-- Materials provided follows --

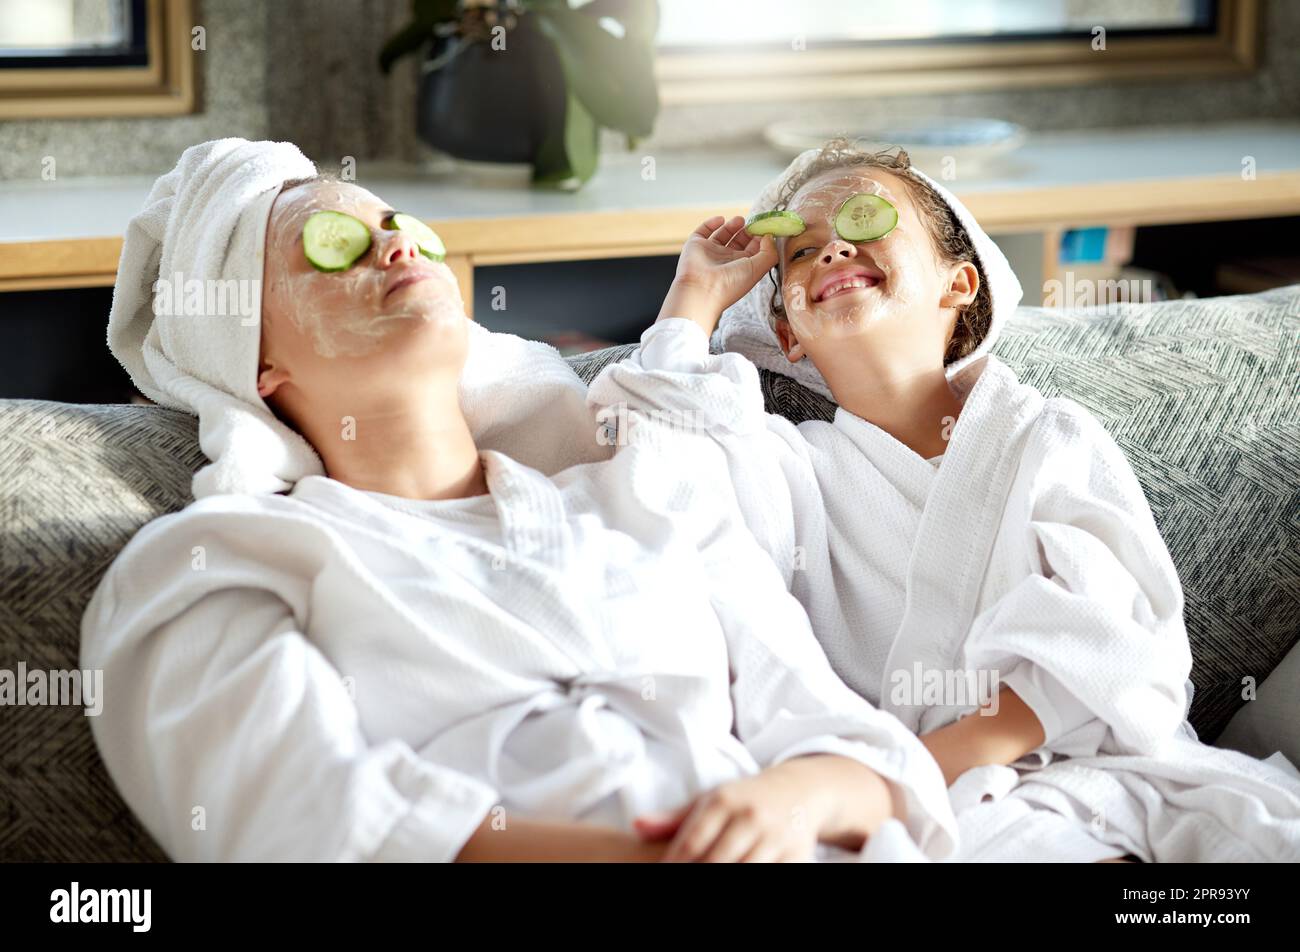 Fresh skincare, face mask and healthy skin treatment for bonding mother and daughter home spa day. Fun, smiling and playful child and parent relaxing with cucumber over their eyes in grooming routine Stock Photo
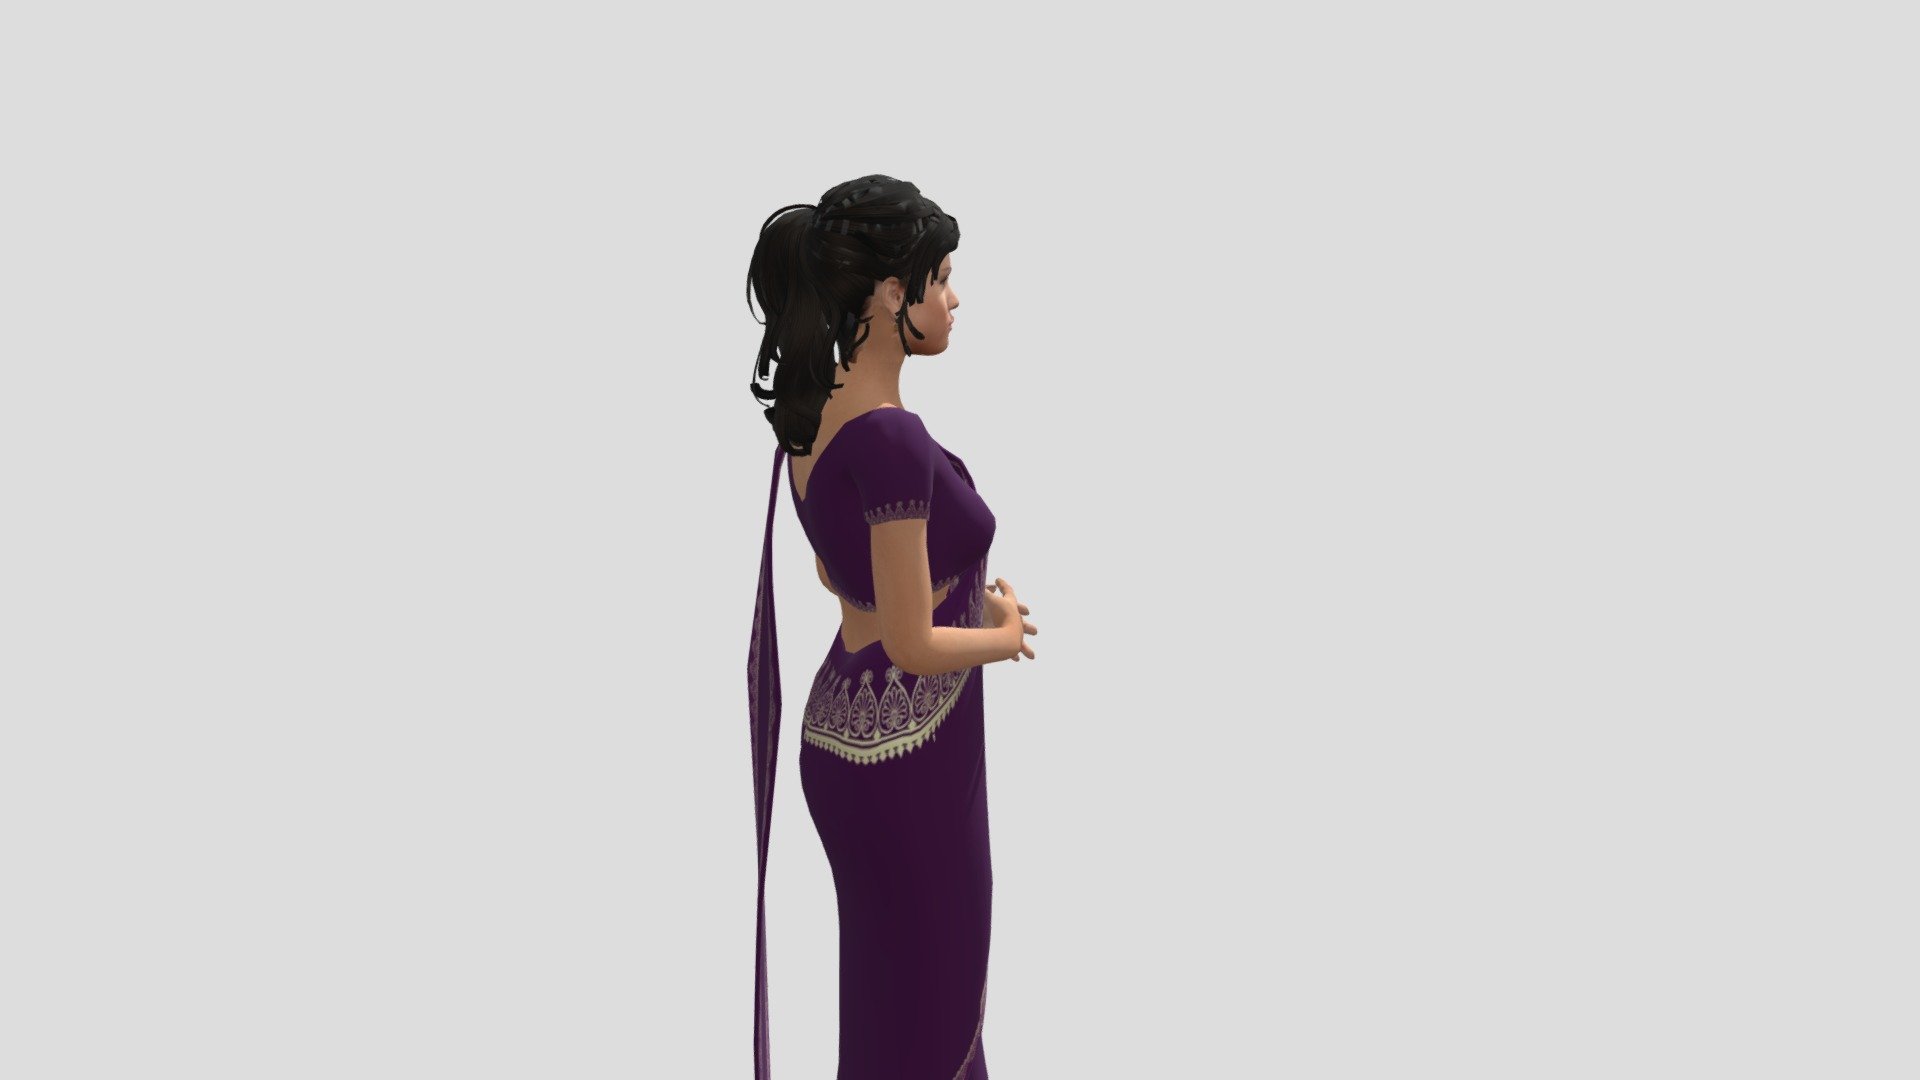 Selena Gomez (actress and singer)  3d model with traditional Indian dress saree made with blender 3d and Adobe Phooshop cc..

For Buy this, click the below link: https://cutt.ly/FcBo8uX

For Negotiable price contact my Gmail (imthirutj@gmail.com) or put a message in my inbox in CgTrade

Comment below if you want another model.... 3d model
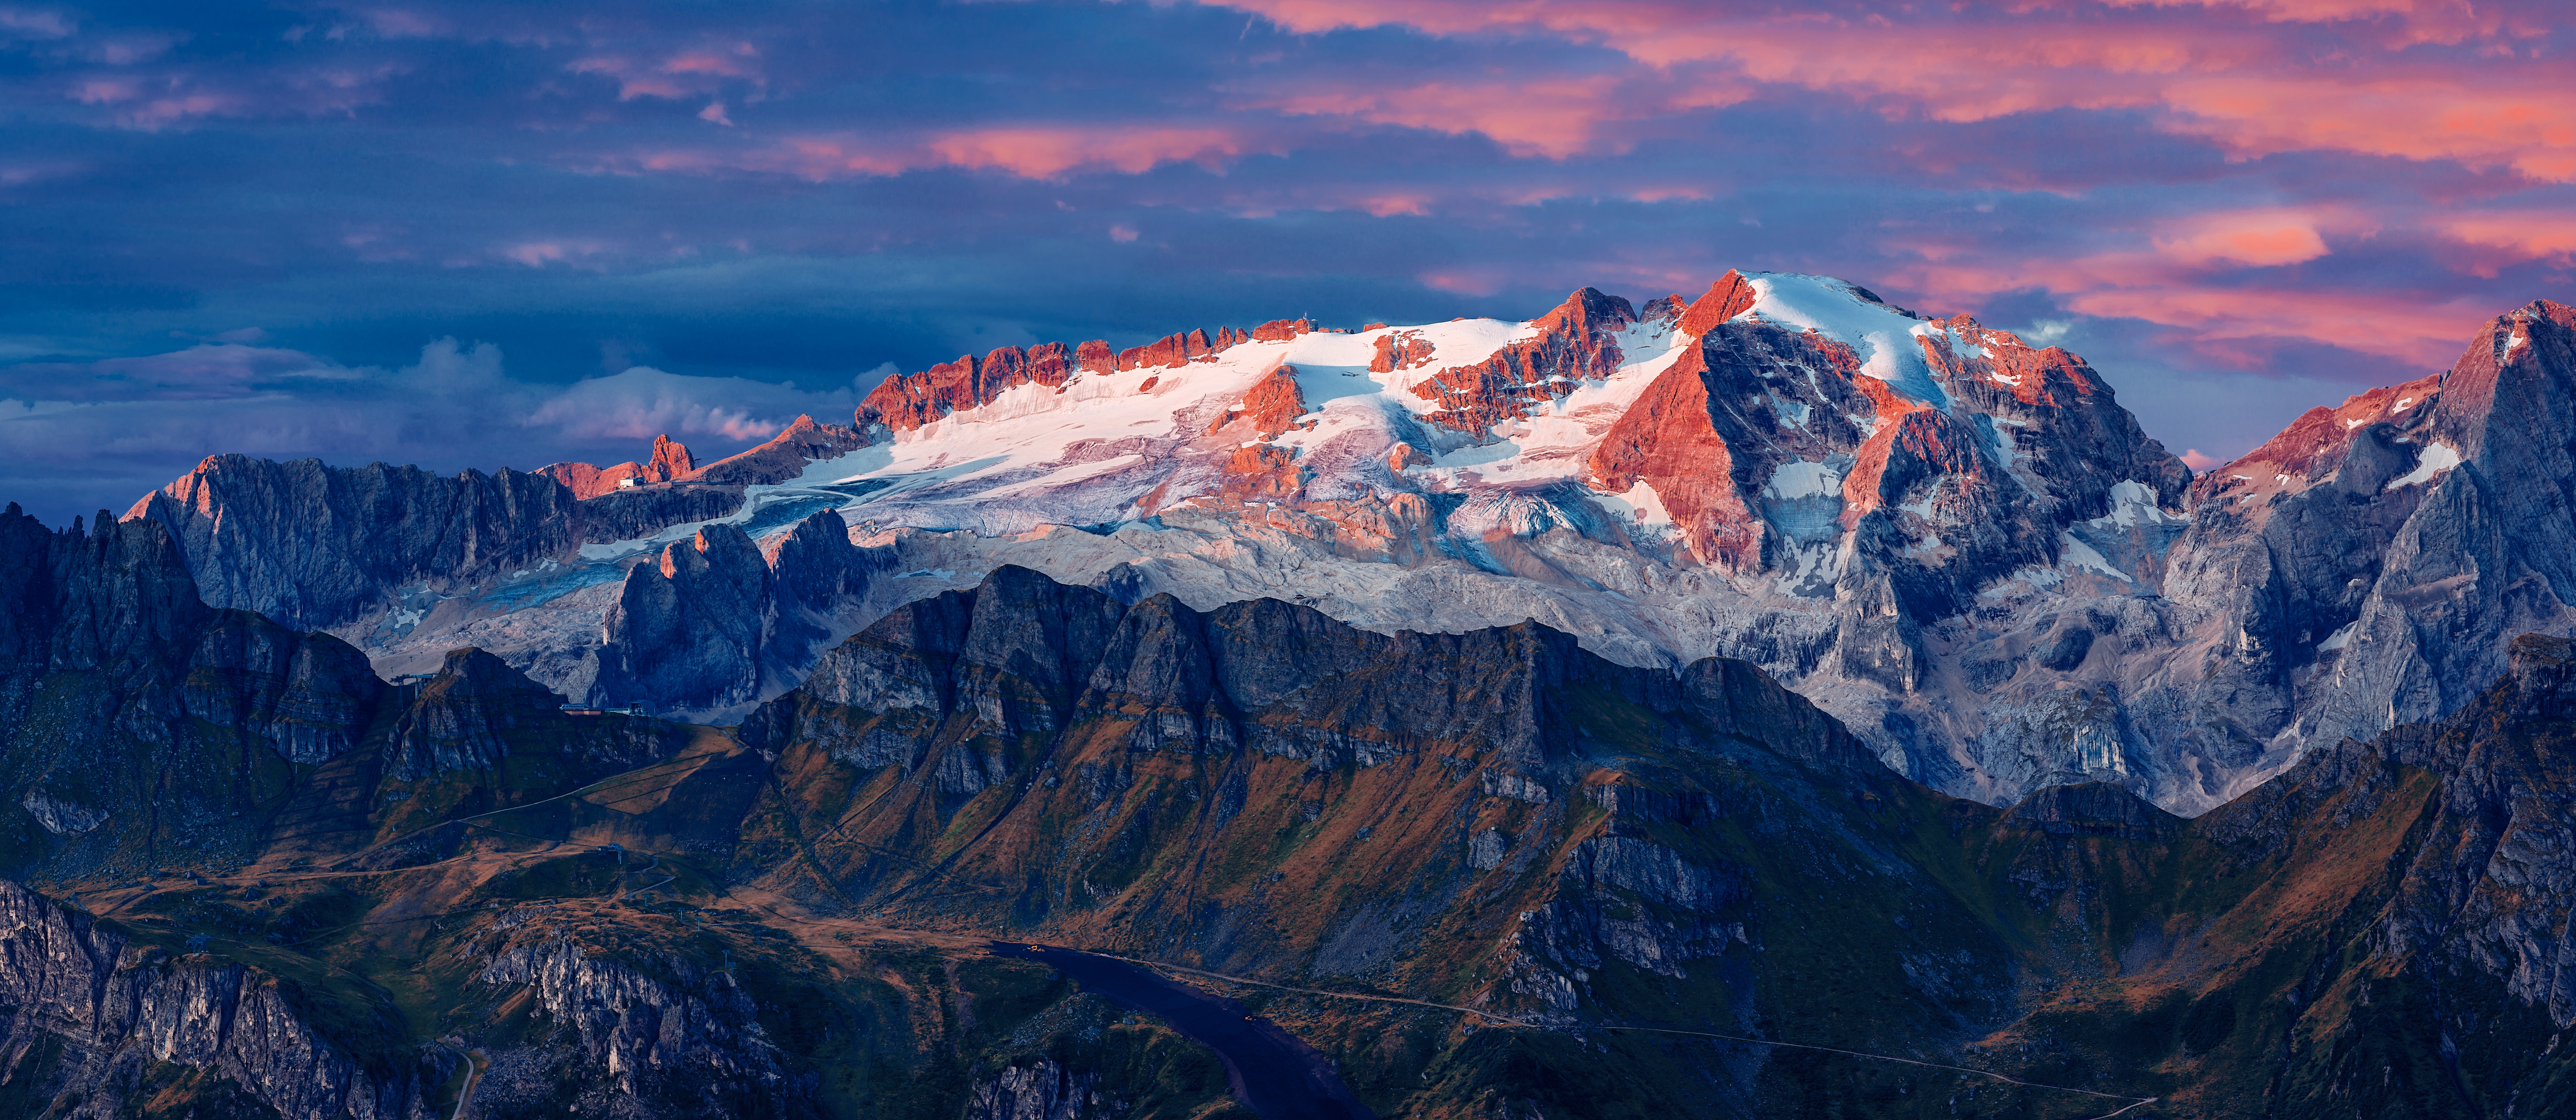 129114 download wallpaper mountains, nature, italy, vertex, top, glacier, marmolada screensavers and pictures for free

-- Materials provided concluded --

* [Task statement] Please write out all the data again word for word, but not the pictures.

* [Response to this task]
 Fresh skincare, face mask and healthy skin treatment for bonding mother and daughter home spa day. Fun, smiling and playful child and parent relaxing with cucumber over their eyes in grooming routine Stock Photo
 Selena Gomez (actress and singer)  3d model with traditional Indian dress saree made with blender 3d and Adobe Phooshop cc..

For Buy this, click the below link: https://cutt.ly/FcBo8uX

For Negotiable price contact my Gmail (imthirutj@gmail.com) or put a message in my inbox in CgTrade

Comment below if you want another model.... 3d model
 129114 download wallpaper mountains, nature, italy, vertex, top, glacier, marmolada screensavers and pictures for free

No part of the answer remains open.